Figure 1. EnlightenAI Scoring Compared to Human Scorer (DREAM Charters) v2.EnlightenAI Grading Accuracy Compared to Human Graders (5-point rubric scale)

The table above shows the results of comparing EnlightenAI scores with those actually given by DREAM graders for a given work sample. For example, if EnlightenAI assigned a score of 3 on the holistic rubric and DREAM actually gave the submission a 3, this counts as a perfect match. If, instead, EnlightenAI assigned a score of 4 while DREAM assigned a score of 3, this would count as a difference of +1. 

 

Real Data, Real Challenges: Why This Result is Significant

Achieving this level of accuracy on real essays, graded by real educators, is no small feat. Classroom essays are messy—they come from diverse students with varied writing styles, and the scoring can be more nuanced and subjective than research settings. In a non-laboratory dataset like this, hitting human grading benchmarks is much harder to do than it might seem.

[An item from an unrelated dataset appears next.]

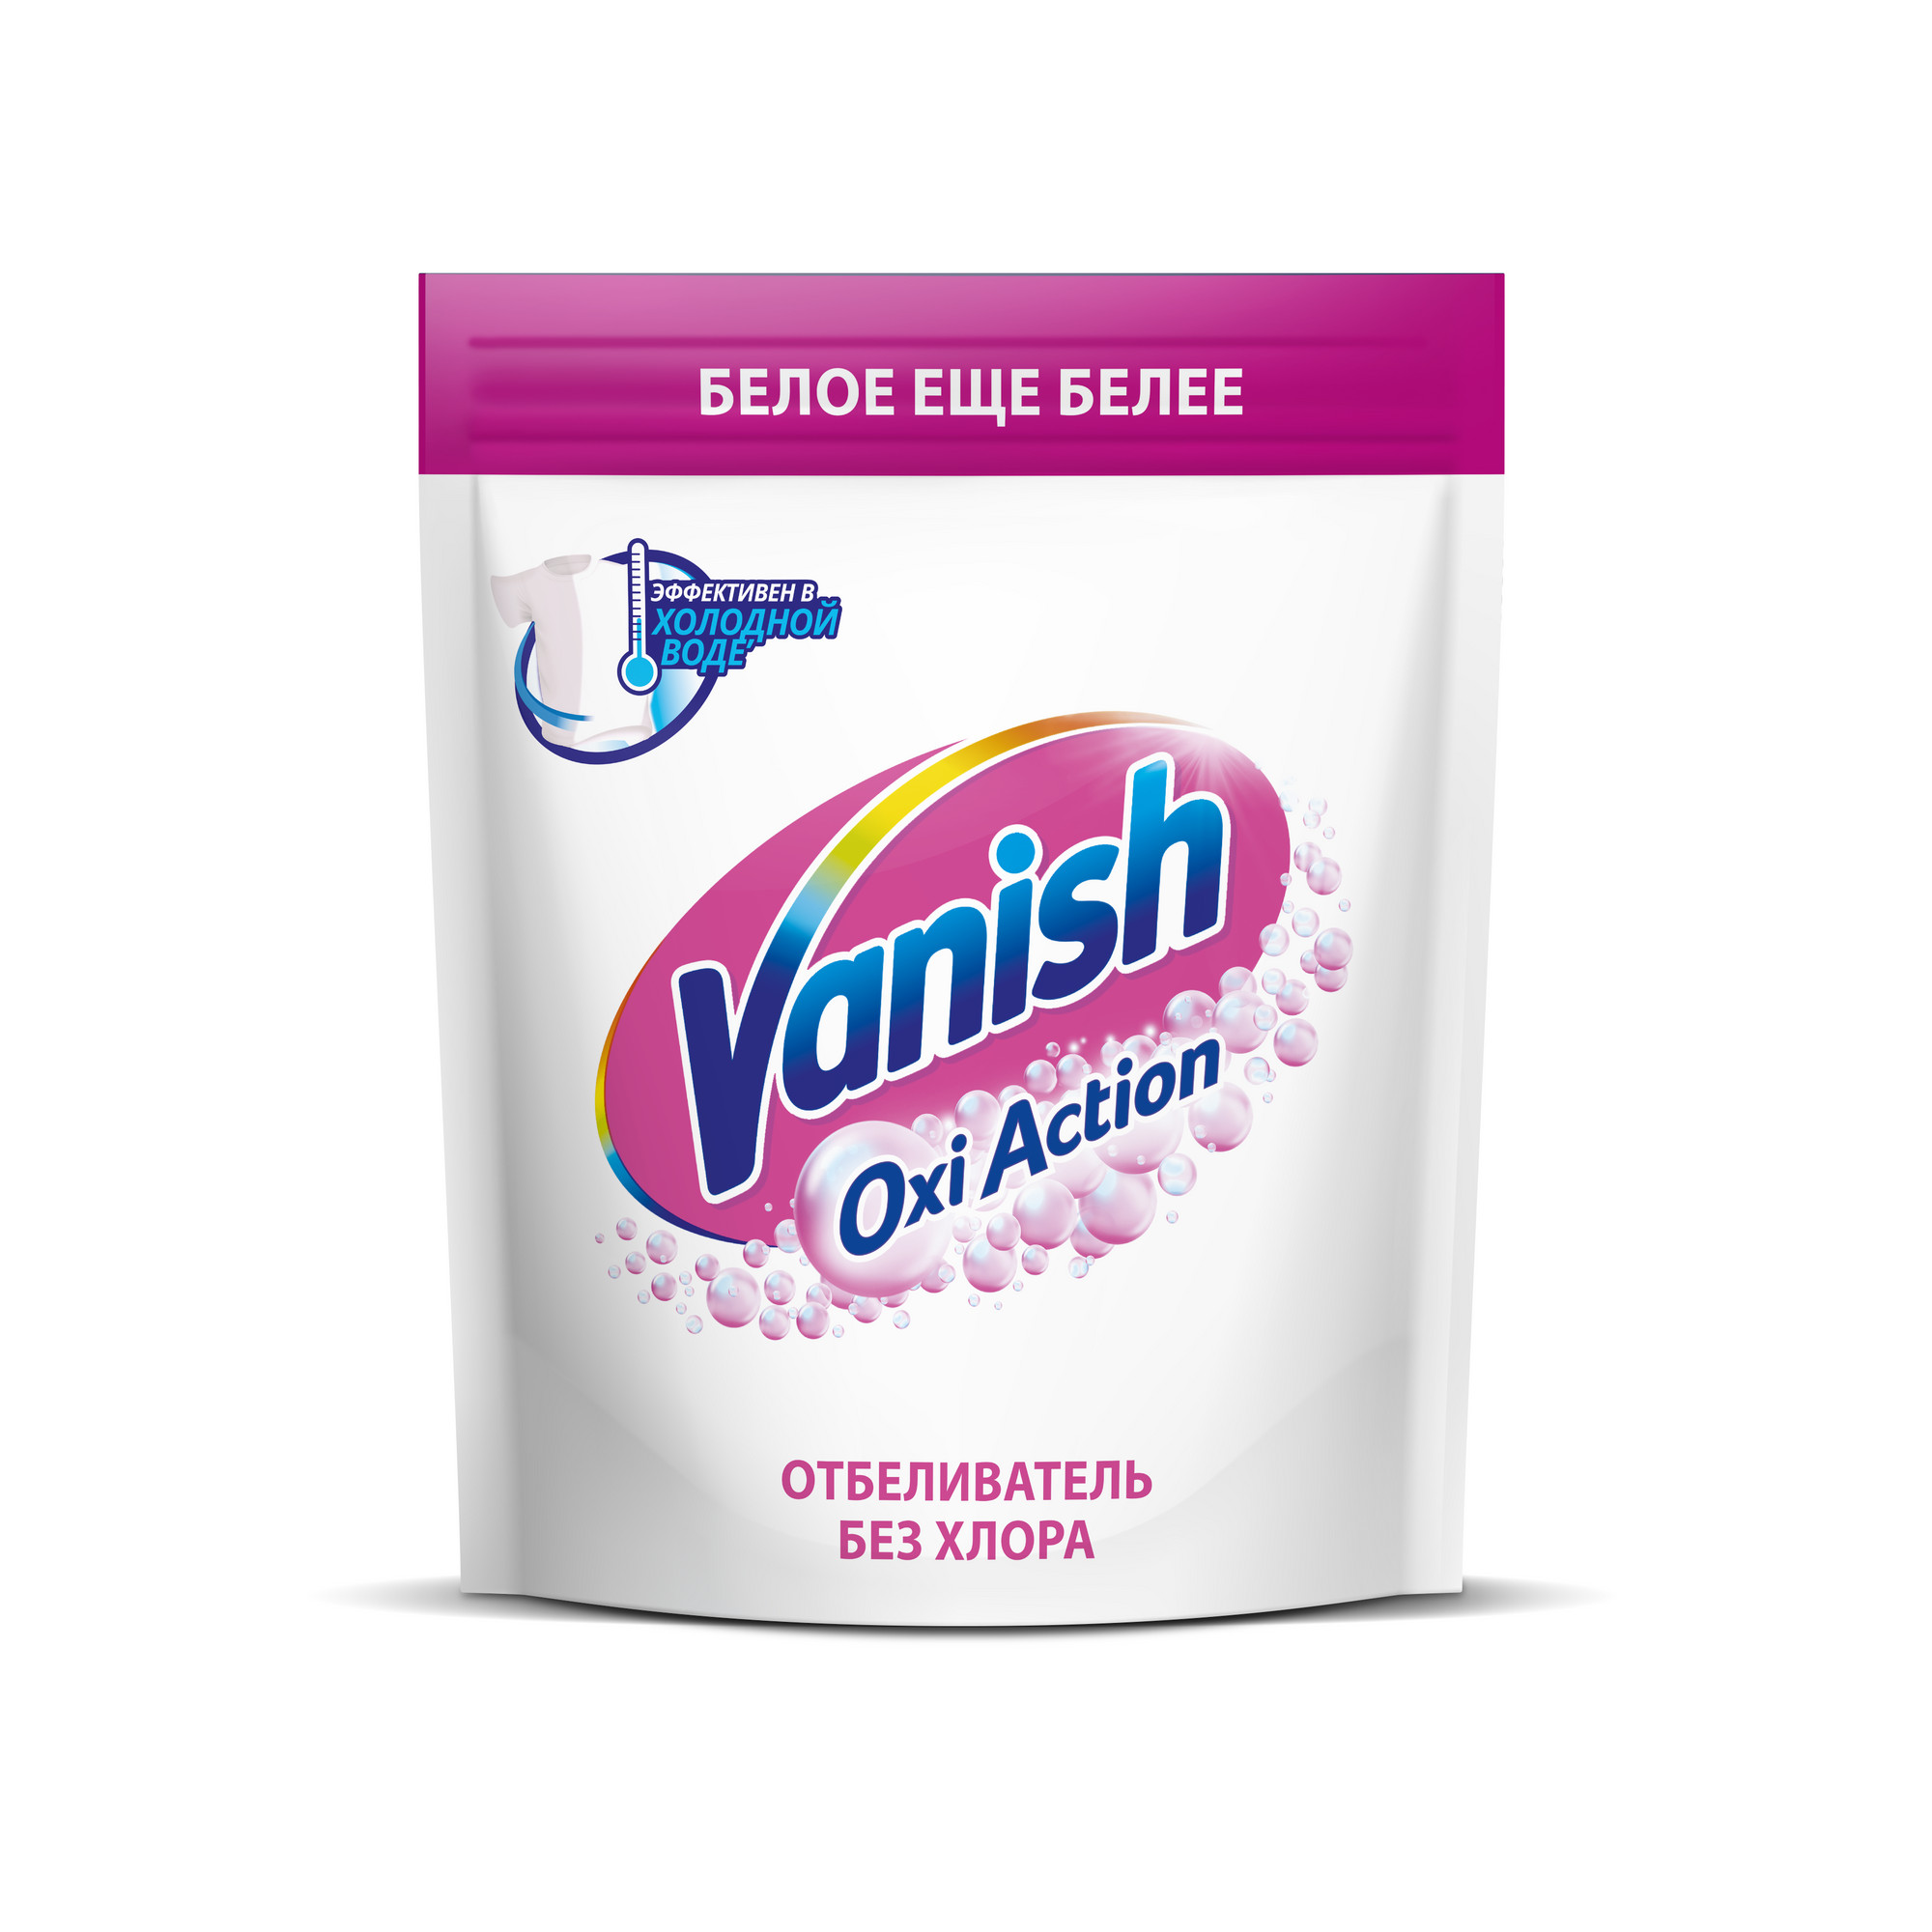 Пятновыводитель Vanish Oxi Action Кристальная Белизна порошкообразный 1 кг пятновыводитель vanish oxi action розовый порошкообразный 1 кг

Moreover, none of the data we analyzed was anywhere on the internet. Large AI models like ChatGPT are often trained on massive datasets, some of which include public essay samples available online. Using data that is not in the public domain ensures our benchmarking test is a genuine measure of our AI’s accuracy, with no chance of the system “recognizing” the content from prior training data.

 

Figure 2. Performance Metrics of EnlightenAI Grading System Based on DREAM Dataset

Accuracy Statistic

Percentage/Value

Score within 1 point

99.3%

Score miss by >1 point

0.7%

Cohen’s Kappa

0.42

Weighted Quadratic Kappa

0.72

 

AI Grading Isn’t Magic—But It’s a Game-Changer

Let’s be clear: AI grading is not magic. We’re proud of what we’ve achieved, but there’s more work to do. Our research orientation requires us to point out that our testing was conducted on text-based responses with clear scoring guides, all built for middle school ELA tasks. We need to test our AI further in other content areas, curricula, and rubrics, and continue to push the boundaries of AI alignment. 

Nevertheless, the idea that every teacher could have their own AI teacher’s assistant, one that learns from them, calibrates to their expectations, and drafts feedback in their voice, is game-changing. It shifts the teacher’s role from the repetitive physical work of grading to the more intellectual work of training their AI assistant, analyzing feedback for quality, and using data to drive instruction. This means teachers can focus more on helping students improve, which is ultimately what matters most.